6. Berikan 0,2 mg ergometrin IM atau misoprostol 600-1000 mcg per rectal.


Jangan berikan ergometrin kepada ibu dengan hipertensi karena
ergometrin dapat menaikkan tekanan darah.
7. Gunakan jarum berdiameter besar (ukuran 16 atau 18), pasang infus dan
berikan 500cc larutan Ringer Laktat yang mengandung 20 unit oksitosin.
8. Pakai sarung tangan steril atau desinfeksi tingkat tinggi dan ulangi KBI.

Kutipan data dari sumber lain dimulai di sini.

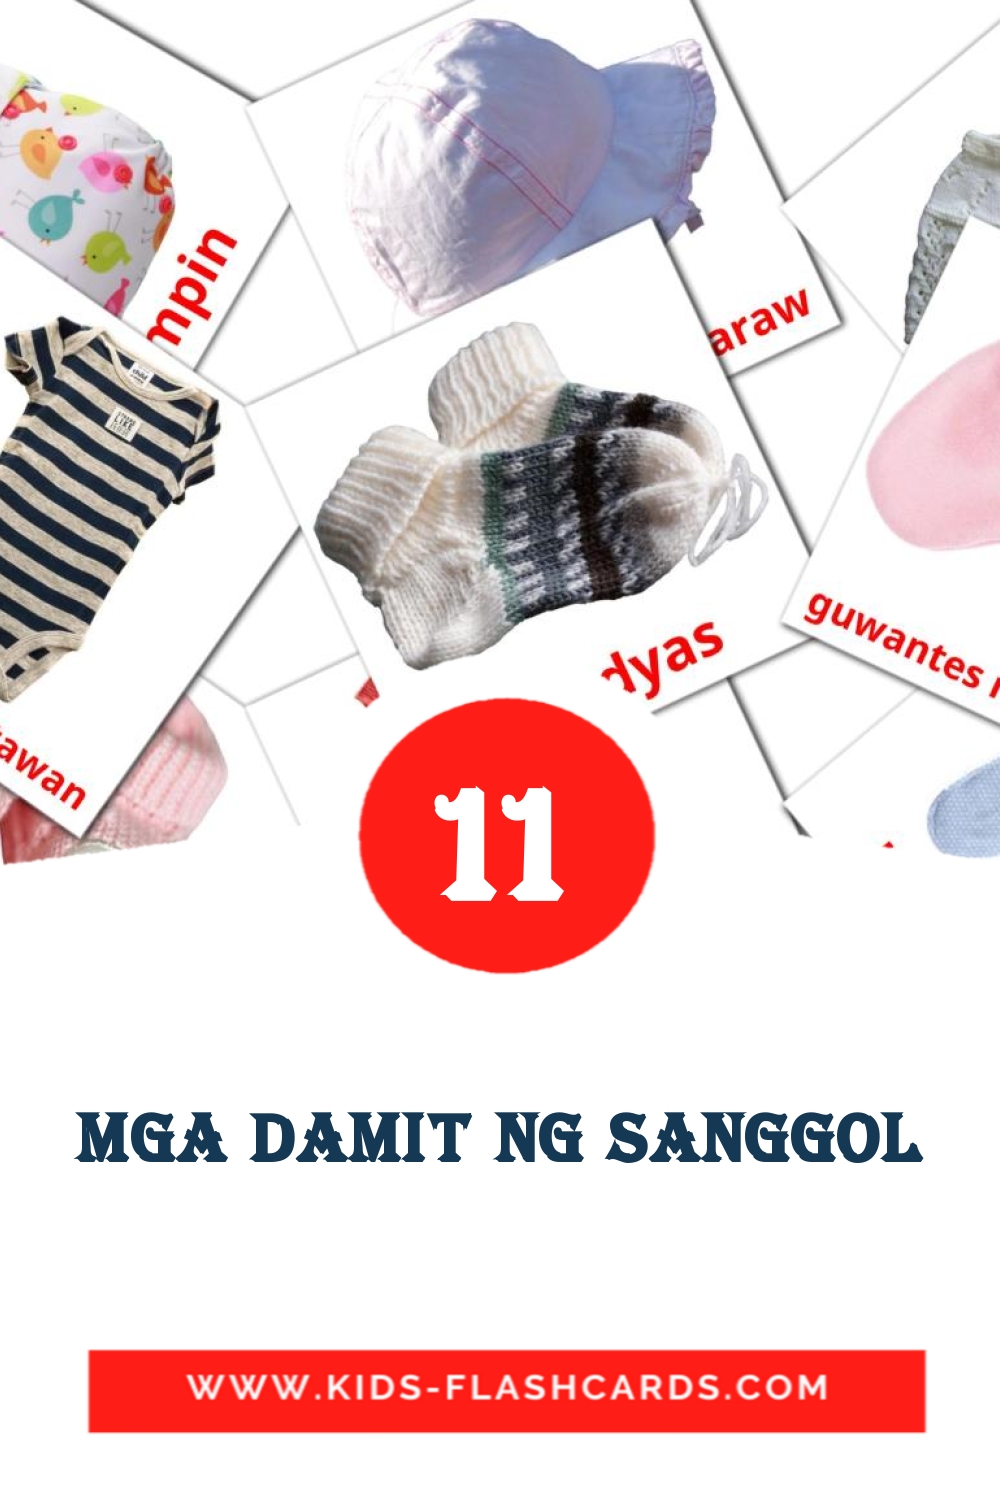 Mga damit ng sanggol на филиппинском для Детского Сада (11 карточек)

9. Jika uterus tidak berkontraksi dalam waktu 1 sampai 2 menit, segera
rujuk ibu karena ini merupakan bukan atonia uteri sederhana. Ibu
membutuhkan tindakan gawatdarurat di fasilitas kesehatan rujukan yang
mampu melakukan tindakan operasi dan transfusi darah.

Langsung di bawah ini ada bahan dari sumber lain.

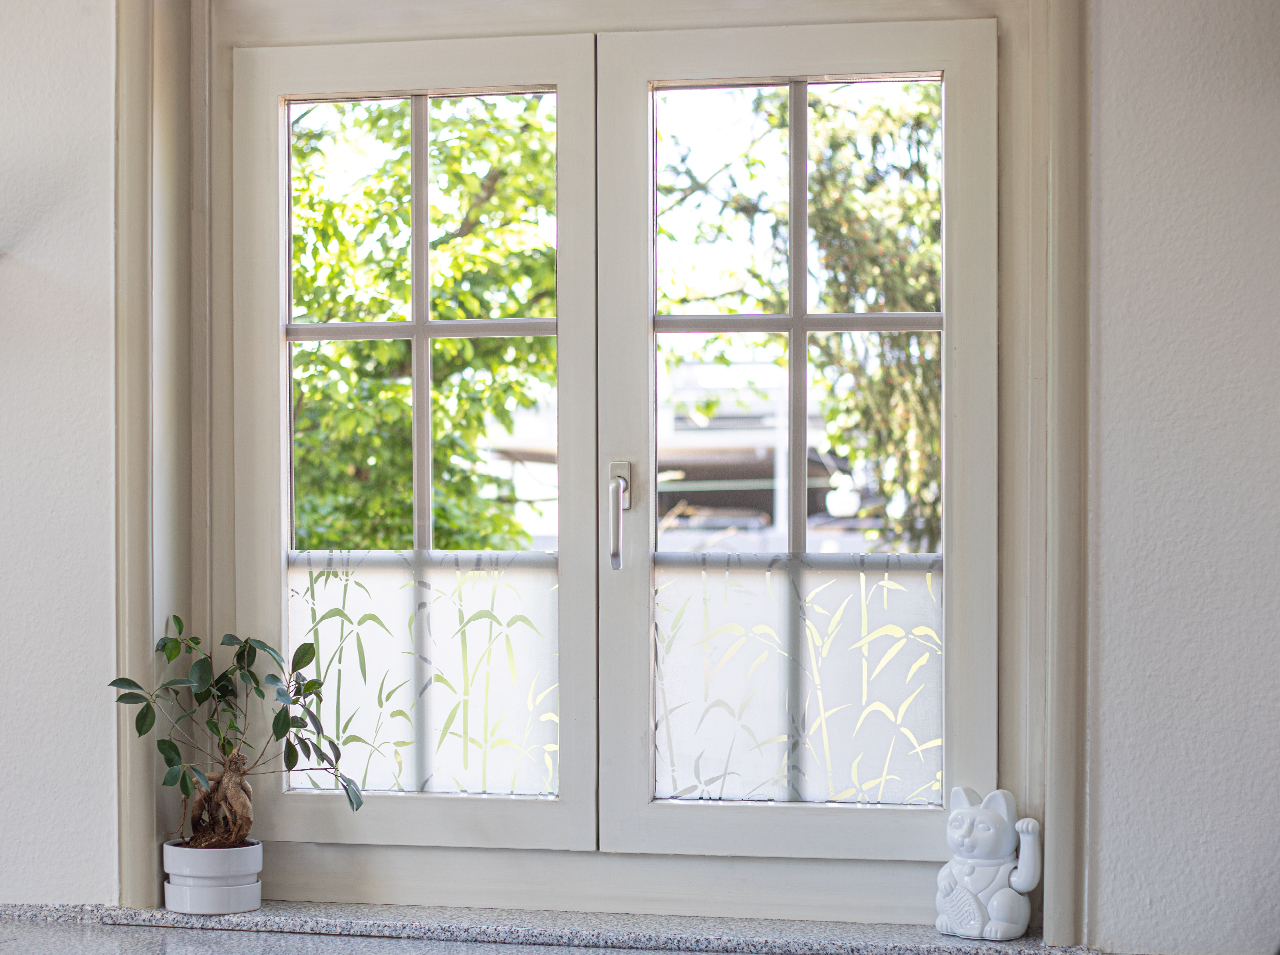 Okna oklejone nieprzezroczystą folią okienną z motywem bambusa zapewnią Ci większą prywatność.

10.Sambil membawa ibu ke tempat rujukan, teruskan tindakan KBI dan
infus cairan hingga ibu tiba di tempat rujukan. Infus 500 ml pertama
dihabiskan dalam waktu 10 menit.Berikan tambahan 500 ml/jam hingga
tiba di tempat rujukan atau hingga jumlah cairan yang diinfuskan
mencapai 1,5 L dan kemudian lanjutkan dalam jumlah 125cc/jam. Jika
cairan infus tidak cukup, infuskan 500 ml (botol kedua) cairan infus
dengan tetesan sedang dan ditambah dengan pemberian cairan secara oral
untuk rehidrasi.

Tanda dan gejala atonia uteri


1) Perdarahan pervaginam Perdarahan yang sangat banyak dan darah tidak
merembes. Peristiwa sering terjadi pada kondisi ini adalah darah keluar
disertai gumpalan disebabkan tromboplastin sudah tidak mampu lagi
sebagai anti pembeku darah
2) Konsistensi rahim lunak Gejala ini merupakan gejala terpenting/khas
atonia dan yang membedakan atonia dengan penyebab perdarahan yang
lainnya 3)
3) Fundus uteri naik
4) Terdapat tanda-tanda syok
 Nadi cepat dan lemah (110 kali/ menit atau lebih)  
 Tekanan darah sangat rendah : tekanan sistolik < 90 mmHg
 Pucat
 Keriangat/ kulit terasa dingin dan lembap
 Pernafasan cepat frekuensi30 kali/ menit atau lebih
Gelisah, binggung atau kehilangan kesadaran g.